The less you know, the harder the decisions about treatment …


In one more of those utterly unsurprising research findings, a study of newly diagnosed patients has shown that poor patient knowledge about the nature of prostate cancer is associated with “decisional conflict” leading to stress and anxiety given the uncertainty associated with the relative “value” of the many possible management options.

Kaplan et al. surveyed 70 patients who were enrolled in a randomized trial testing a novel, shared decision-making tool at a US Veterans Administration facility .

The baseline results of their study were as follows:

  • Average (mean) patient age was 63 years.
  • 49 percent of the patients were African American.
  • 70 percent of the patients reported an income less than $30,000 per annum.
  • Poor prostate cancer knowledge was associated with
    • Increased decisional conflict (P < 0.001)
    • Higher uncertainty (P = 0.001) about the quality of their decision
    • Lower perceived effectiveness of treatments (P = 0.003)
  • Being in a relationship was also associated with a higher level of decisional conflict (P = 0.03).

In an associated media release issued by the University of California, Los Angeles, The lead author was quoted as follows:

For prostate cancer, there is no one right answer when it comes to treatment. It comes down to the right answer for each specific patient, and that is heavily dependent on their own personal preferences.

Men in general, and specifically economically disadvantaged men, have a hard time deciding what their preferences are, how they feel about any possible complications and what the future after treatment might be like.

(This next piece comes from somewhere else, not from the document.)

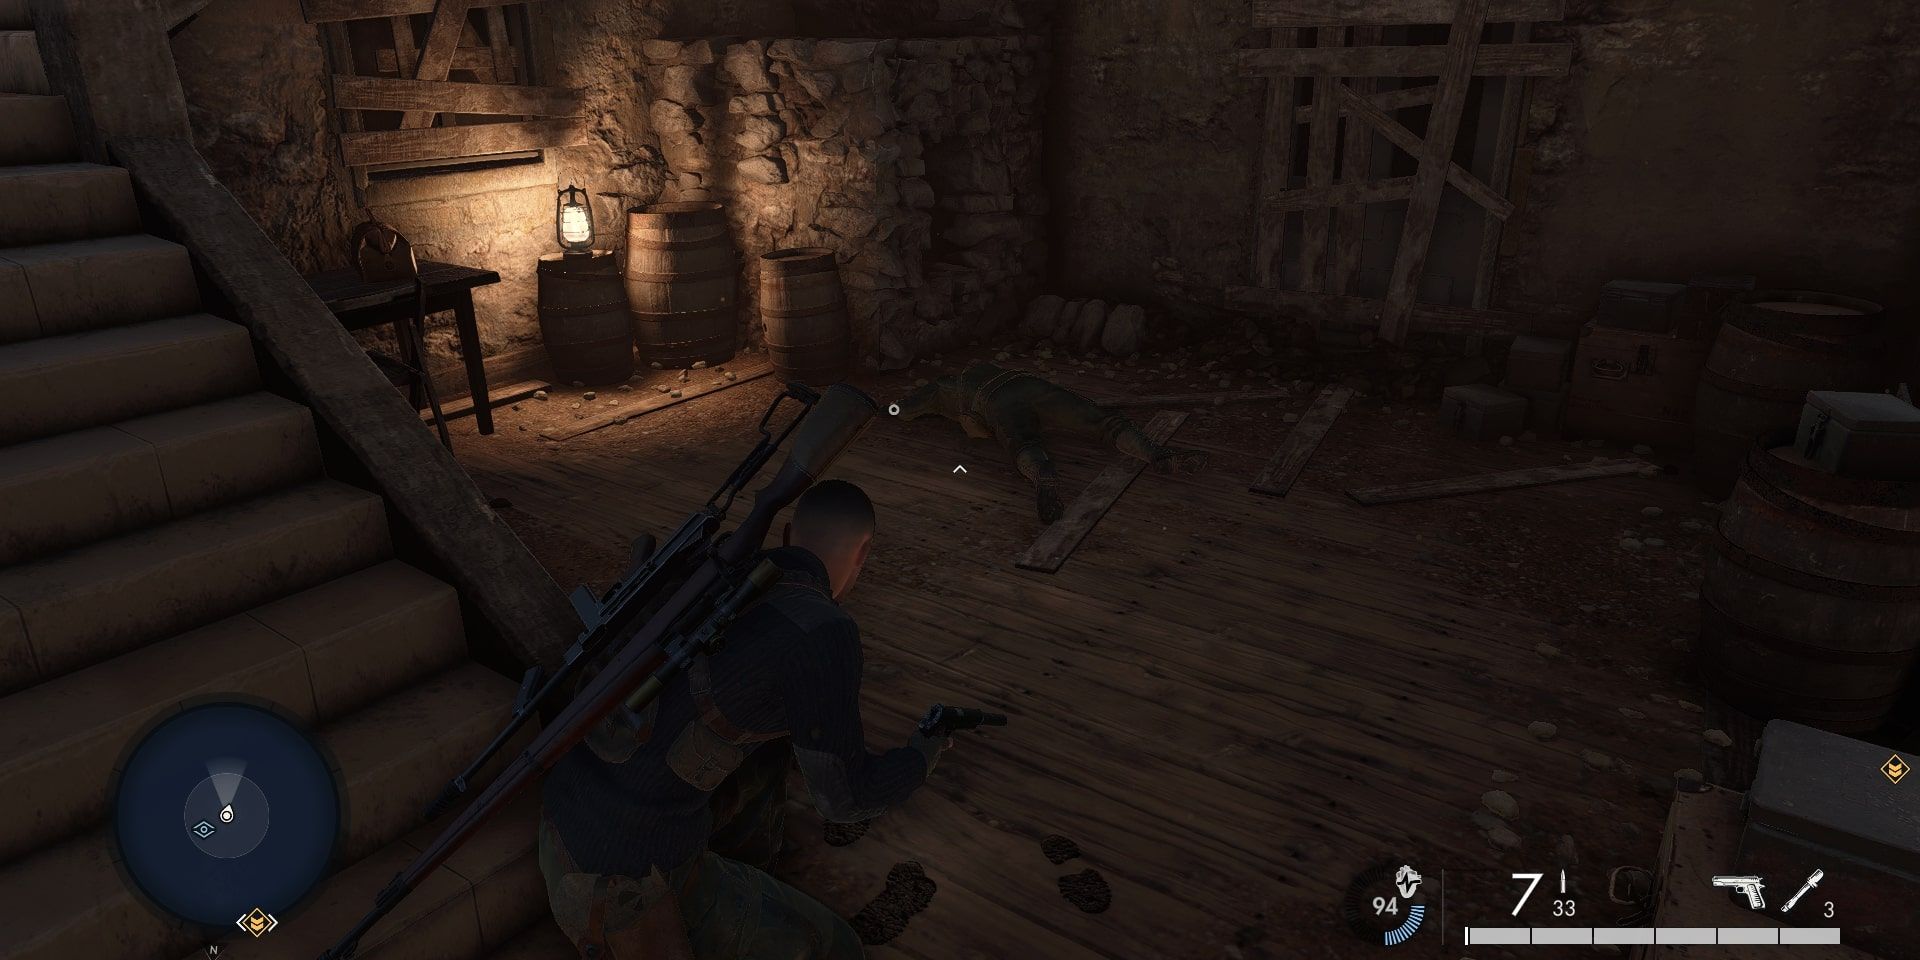 Sniper Elite 5 Secret Weapons Abandoned House showing a dead body on the lower floor
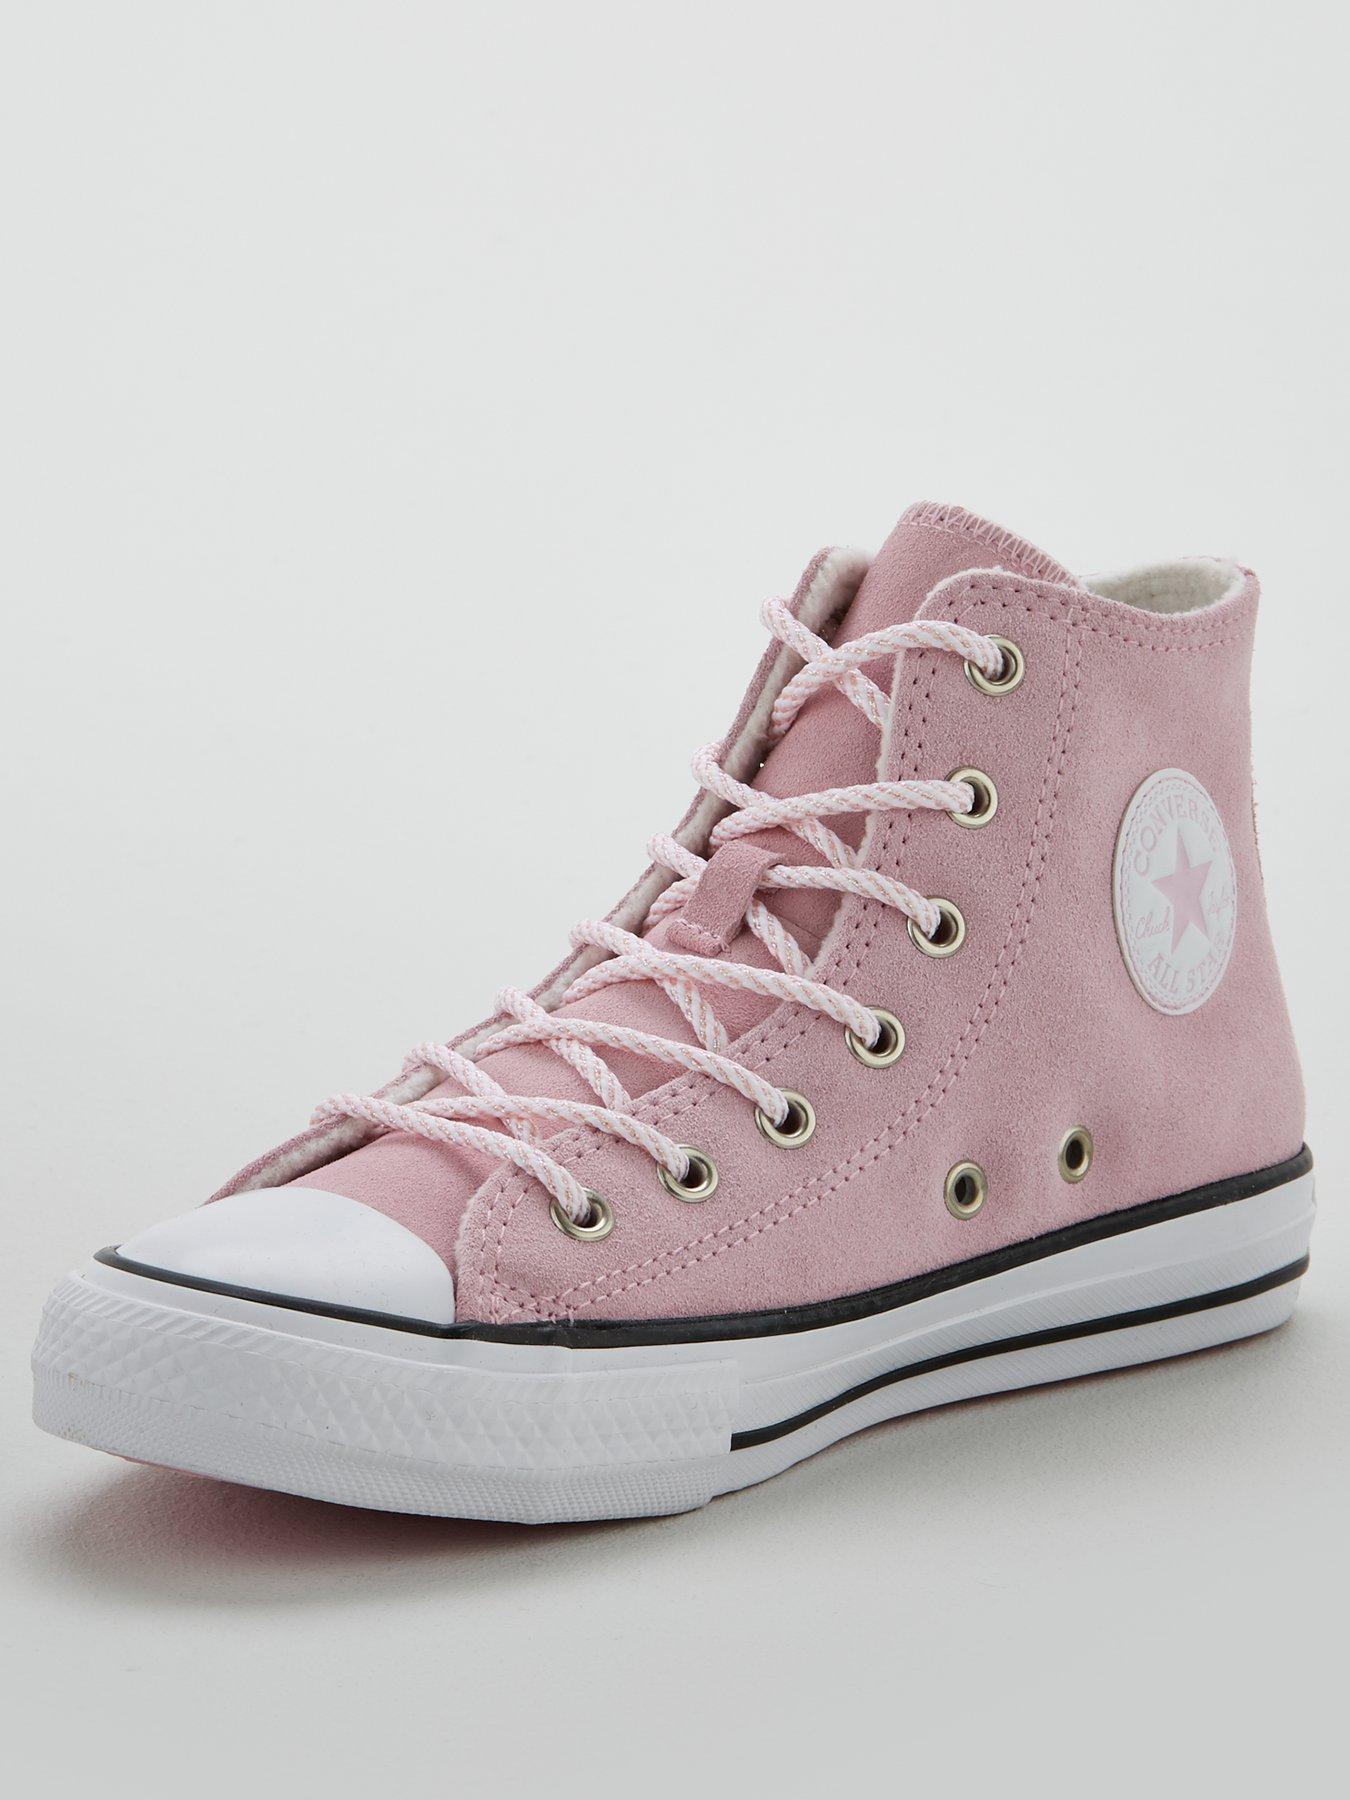 childrens converse on sale

If you don’t know anything about your disease, you’ll have a really tough time making a decision.

If you get shot in the gut, there aren’t many options. You go into the operating room to get fixed up. With prostate cancer, there are lots of options and not all are right for everybody.

None of this is going to come as any big surprise to most of the regular readers of this blog. Not only does a newly diagnosed patient often need to decide whether he really needs immediate treatment at all (especially if he has low- or very low-risk disease, or has a limited life expectancy because of other health issues). And then if it does seem evident that he really does need early intervention he has to make decisions between many different possible treatment options.

Even those of us who have been studying this type of question for years are rarely able to tell an individual, newly diagnosed patient which form or forms of management might be the most appropriate for him (although we may be able to eliminate one or two theoretical options). Clearly it becomes much more difficult for a newly diagnosed patient who has little to none of the relevant knowledge on which to base his decision.

Alas, the study by Kaplan and his colleagues is also unable to offer us any real insights into how best to inform and educate newly diagnosed patients with regard to all their options. No one is suggesting that this is going to be easy, and we are very suspicious that there is ever going to be any one type of decision aid that can help the vast majority of newly diagnosed patients. Why? Because there is a huge emotional and “non-logical” component to this decision that is driven by individual men’s perceptions of what it means to be a “man” and the risks they are willing to take to preserve their “maleness” in the face of differing levels of actual risk from a particular diagnosis.

5 Responses

  1. As the Sitemaster suggested, none of this surprises regular readers, but therein lies the issue. Considering that there are 240,000 newly diagnosed men per year in the US and prostate cancer patients become overwhelmed with the choices, along with the conflict within the urology community, it is a perfect storm.

  2. Dear Elucidated1:

    While “conflict within the urology community” is a facile term to use, the truth is less about “conflict” than it is about lack of consensus — and that lack of consensus is far from limited to the urology community: it encompasses the primary care community, the urologic oncology community, the medical oncology community, the radiation oncology community, and the patient and patient advocacy communities too. The fact is that, with the exception of a relatively small number of relatively extreme cases, we really have no idea what “the best” forms of treatment are for managing most individual cases of prostate cancer — and often, even when we almost certainly do (as we really do for men with very low-risk disease who are > 65 years of age and have a life expectancy of < 15 years), many patients (or their family members) are unwilling to go along with the form of treatment that is clearly recommended in almost all known guidelines today (for emotional reasons related to the word "cancer").

    The urology community is just one player in this particularly peculiar dance — albeit a player that could (like almost all the others) be doing a better job of seeking and stimulating a consensus that is badly needed.

  3. I have frequently been accused of stating the obvious … and I agree with your post. And I am not confident that the primary care/specialists will change much in my lifetime when it comes to prostate cancer.

    When it comes to “active surveillance” you are exactly right. But as per my personal diagnosis in 2012, I could only find one urology practice in Southern California which actually provided prostate cancer patients with a well-defined, organized, and timely active surveillance program. And we wonder why surgery continues to be the treatment de jour.

  4. Little or none? My original Dutch “doctor” gave me no information at all. He just gave me two options, announced pontifically that I could not have brachytherapy, and ordered me to choose. I did not like that at all, learned quickly, and left the country for good.

  5. I wonder how these “no sh**, Sherlock” studies get funded — unless this one was a by-product of testing a new decision aid tool?